• _TASK STATEMENT_:
From the entries below, please output exactly the lines starting at the one containing "jungle-quan-ca-phe-thu-gian-o-nha-trang Top 10" and ending at the one containing "Виниловая наклейка на", both included.

• _AVAILABLE RECORDS_:
-*-
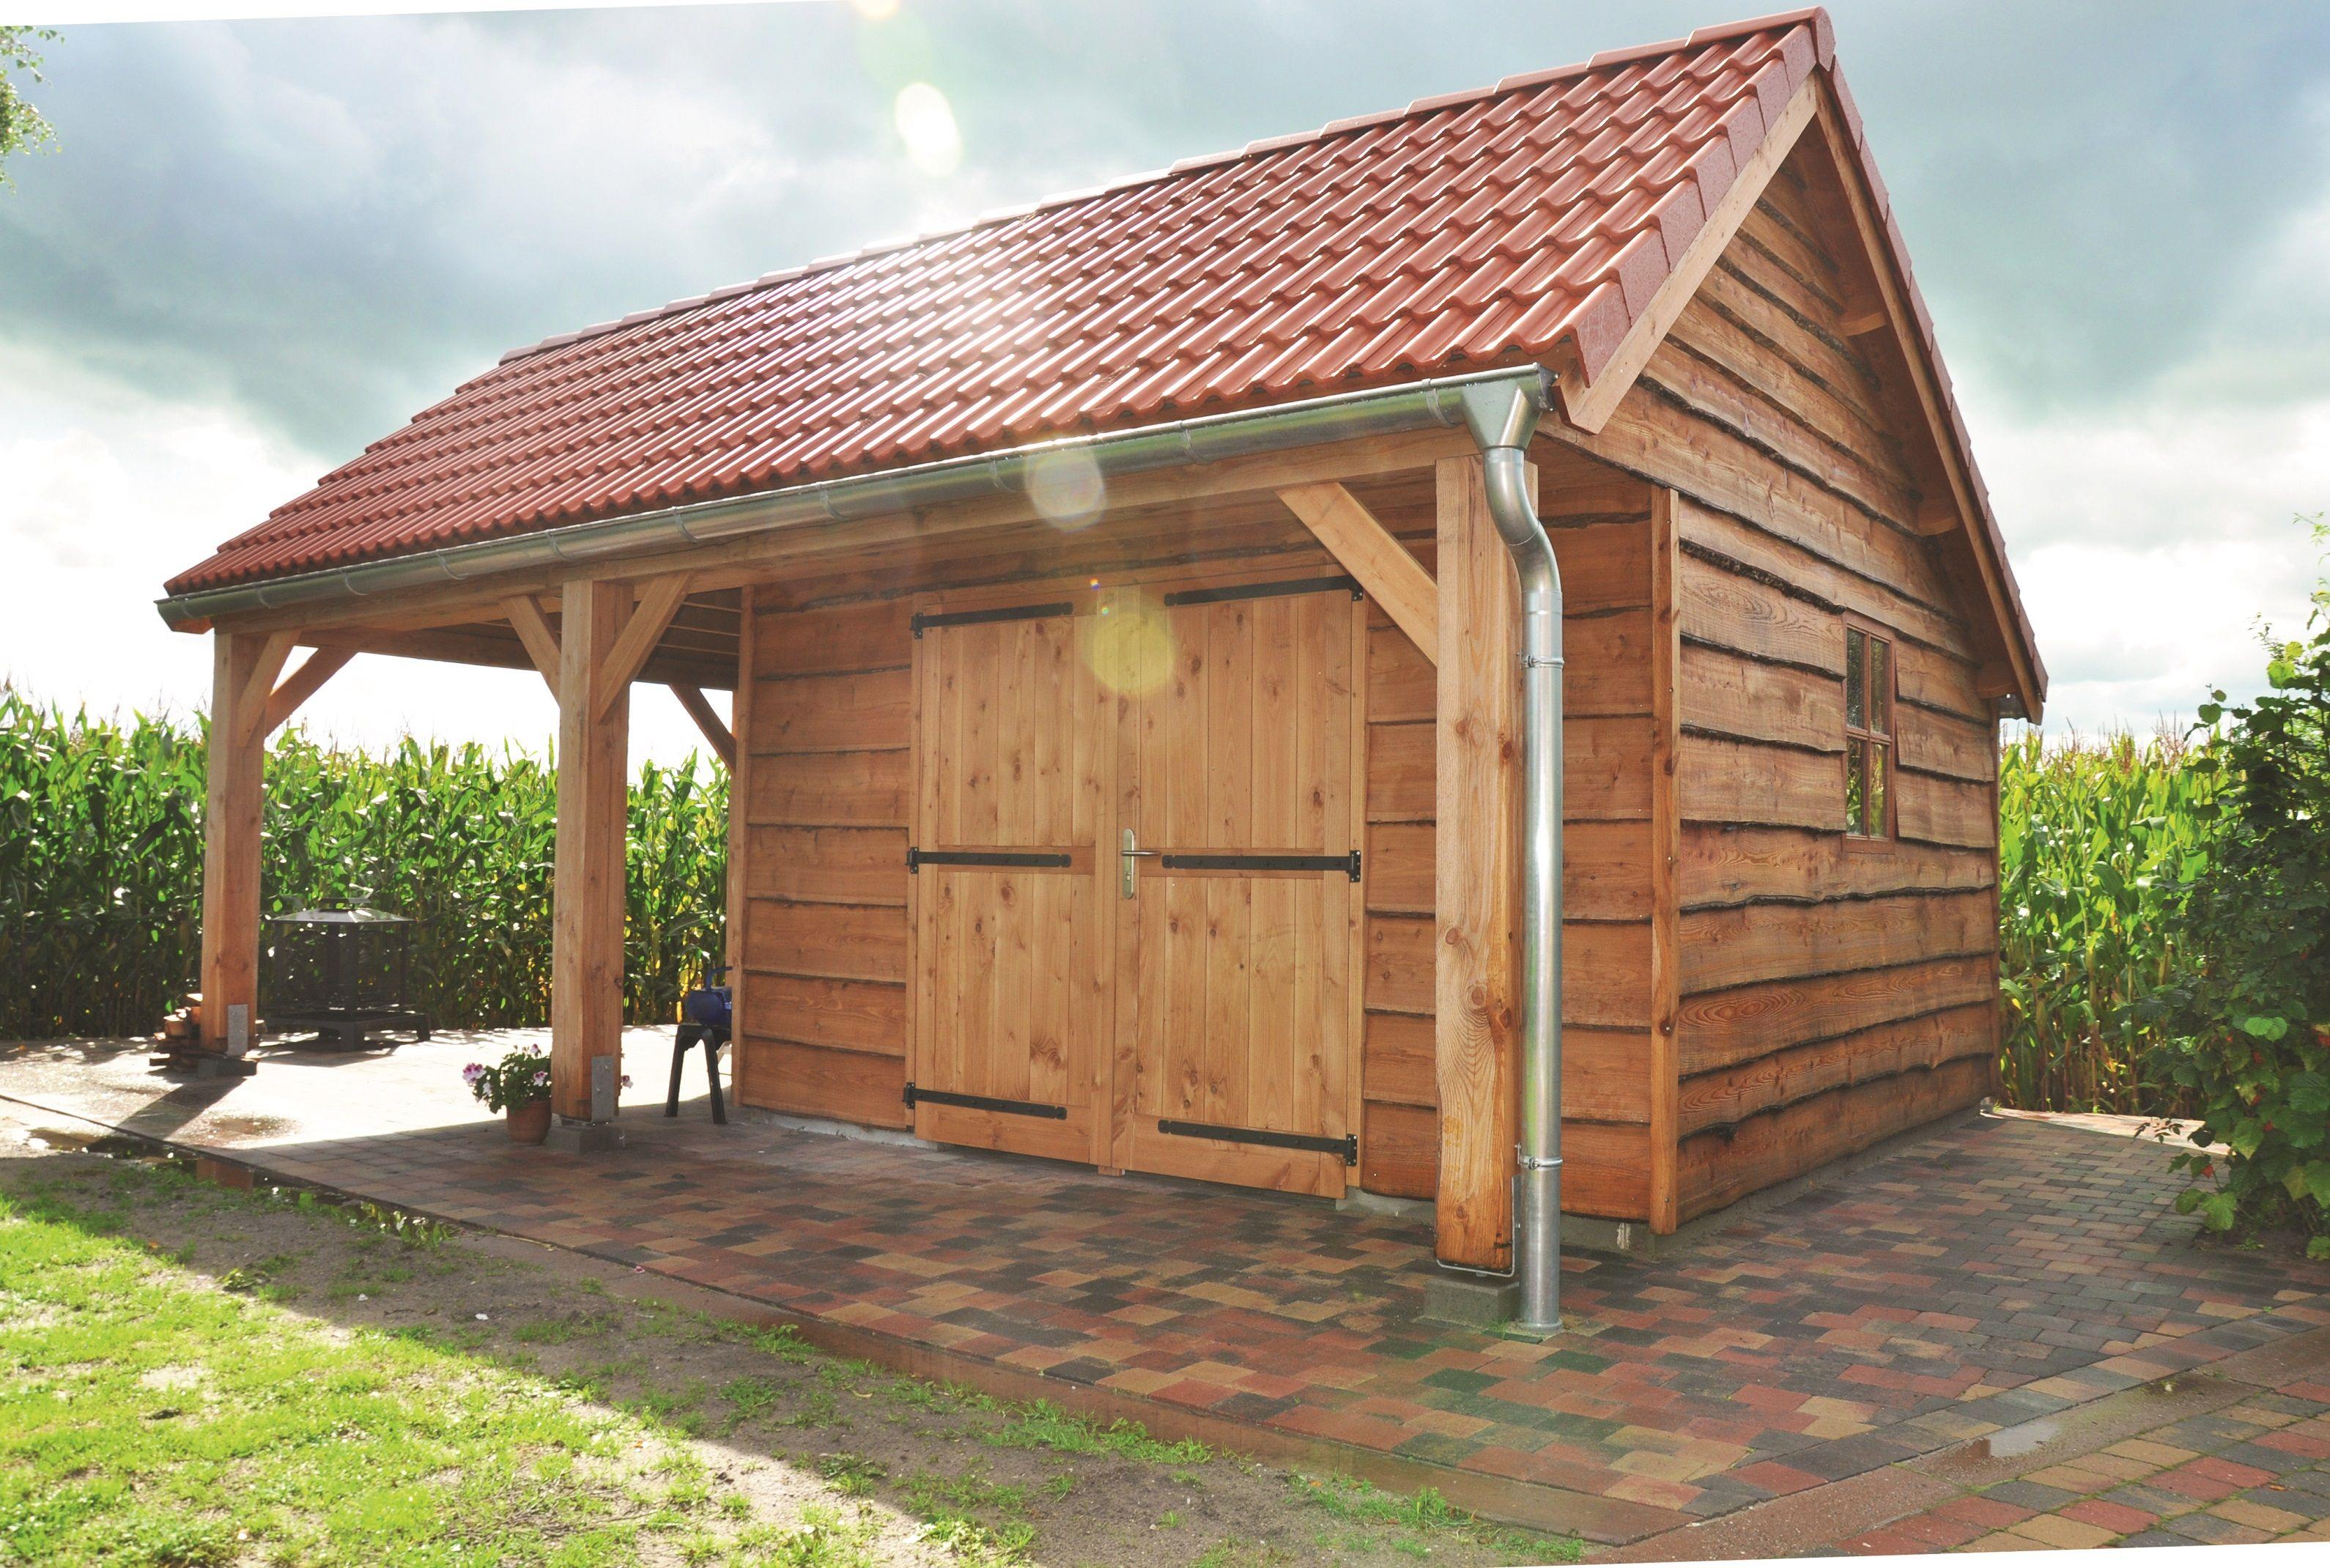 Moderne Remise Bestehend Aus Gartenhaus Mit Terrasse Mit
-*-
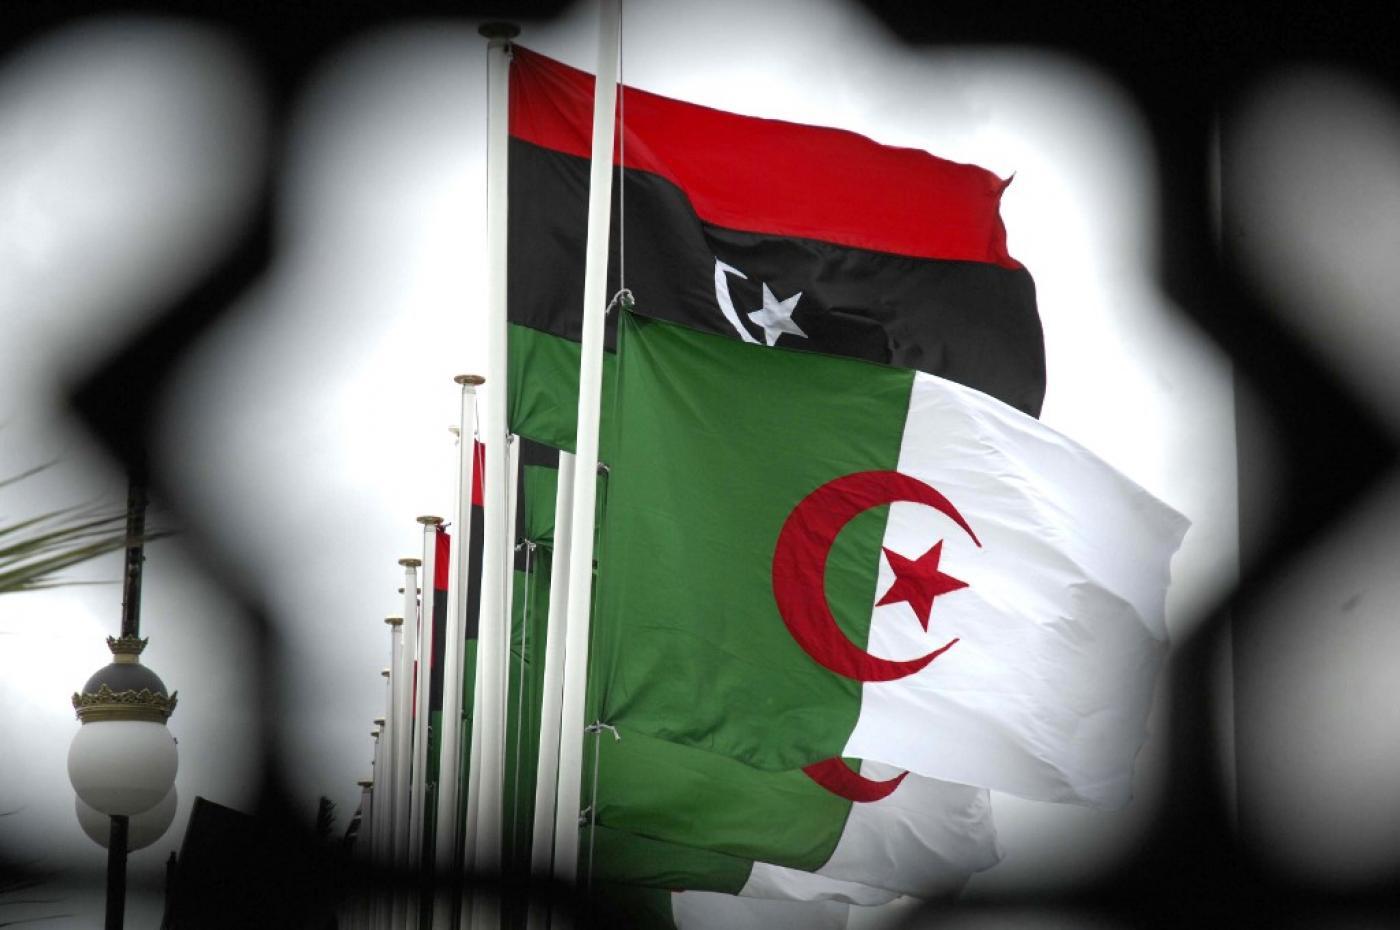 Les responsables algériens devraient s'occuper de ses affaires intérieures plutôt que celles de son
-*-
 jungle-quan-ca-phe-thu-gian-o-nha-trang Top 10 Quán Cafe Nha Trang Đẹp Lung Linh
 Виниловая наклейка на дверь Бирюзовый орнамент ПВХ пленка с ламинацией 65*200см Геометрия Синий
-*-
• _RESULT OF THIS TASK_:
 jungle-quan-ca-phe-thu-gian-o-nha-trang Top 10 Quán Cafe Nha Trang Đẹp Lung Linh
 Виниловая наклейка на дверь Бирюзовый орнамент ПВХ пленка с ламинацией 65*200см Геометрия Синий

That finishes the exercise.